Problem details
Return, word for word, the line that contains "Hunde im Schnee, monochrome" and every line after it through the end of the records.

Dataset records
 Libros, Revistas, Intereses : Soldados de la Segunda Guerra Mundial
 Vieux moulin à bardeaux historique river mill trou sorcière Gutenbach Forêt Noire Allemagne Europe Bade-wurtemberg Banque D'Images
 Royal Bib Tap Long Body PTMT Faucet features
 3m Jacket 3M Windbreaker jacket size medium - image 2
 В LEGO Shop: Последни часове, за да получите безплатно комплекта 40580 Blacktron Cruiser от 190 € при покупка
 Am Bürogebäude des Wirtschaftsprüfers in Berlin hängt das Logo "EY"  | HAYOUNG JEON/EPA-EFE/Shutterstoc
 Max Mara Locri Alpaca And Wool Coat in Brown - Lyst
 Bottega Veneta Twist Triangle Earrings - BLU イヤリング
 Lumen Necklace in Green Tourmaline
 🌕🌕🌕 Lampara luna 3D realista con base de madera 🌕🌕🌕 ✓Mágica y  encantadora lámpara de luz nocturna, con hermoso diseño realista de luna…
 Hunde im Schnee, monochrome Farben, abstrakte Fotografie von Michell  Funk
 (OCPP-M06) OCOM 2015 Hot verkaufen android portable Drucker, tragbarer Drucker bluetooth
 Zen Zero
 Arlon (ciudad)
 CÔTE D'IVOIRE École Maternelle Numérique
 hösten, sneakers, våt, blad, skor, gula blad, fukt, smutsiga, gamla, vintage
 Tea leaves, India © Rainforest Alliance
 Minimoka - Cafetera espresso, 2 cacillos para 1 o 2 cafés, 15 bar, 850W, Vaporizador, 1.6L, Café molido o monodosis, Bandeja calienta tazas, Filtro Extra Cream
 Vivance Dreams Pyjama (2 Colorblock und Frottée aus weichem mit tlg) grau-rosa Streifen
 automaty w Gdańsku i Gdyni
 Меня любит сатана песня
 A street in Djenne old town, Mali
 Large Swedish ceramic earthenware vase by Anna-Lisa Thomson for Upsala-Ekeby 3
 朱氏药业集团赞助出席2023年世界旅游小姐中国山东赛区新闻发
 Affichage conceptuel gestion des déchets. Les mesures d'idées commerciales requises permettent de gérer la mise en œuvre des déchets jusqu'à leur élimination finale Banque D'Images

Reply to the exercise
 Hunde im Schnee, monochrome Farben, abstrakte Fotografie von Michell  Funk
 (OCPP-M06) OCOM 2015 Hot verkaufen android portable Drucker, tragbarer Drucker bluetooth
 Zen Zero
 Arlon (ciudad)
 CÔTE D'IVOIRE École Maternelle Numérique
 hösten, sneakers, våt, blad, skor, gula blad, fukt, smutsiga, gamla, vintage
 Tea leaves, India © Rainforest Alliance
 Minimoka - Cafetera espresso, 2 cacillos para 1 o 2 cafés, 15 bar, 850W, Vaporizador, 1.6L, Café molido o monodosis, Bandeja calienta tazas, Filtro Extra Cream
 Vivance Dreams Pyjama (2 Colorblock und Frottée aus weichem mit tlg) grau-rosa Streifen
 automaty w Gdańsku i Gdyni
 Меня любит сатана песня
 A street in Djenne old town, Mali
 Large Swedish ceramic earthenware vase by Anna-Lisa Thomson for Upsala-Ekeby 3
 朱氏药业集团赞助出席2023年世界旅游小姐中国山东赛区新闻发
 Affichage conceptuel gestion des déchets. Les mesures d'idées commerciales requises permettent de gérer la mise en œuvre des déchets jusqu'à leur élimination finale Banque D'Images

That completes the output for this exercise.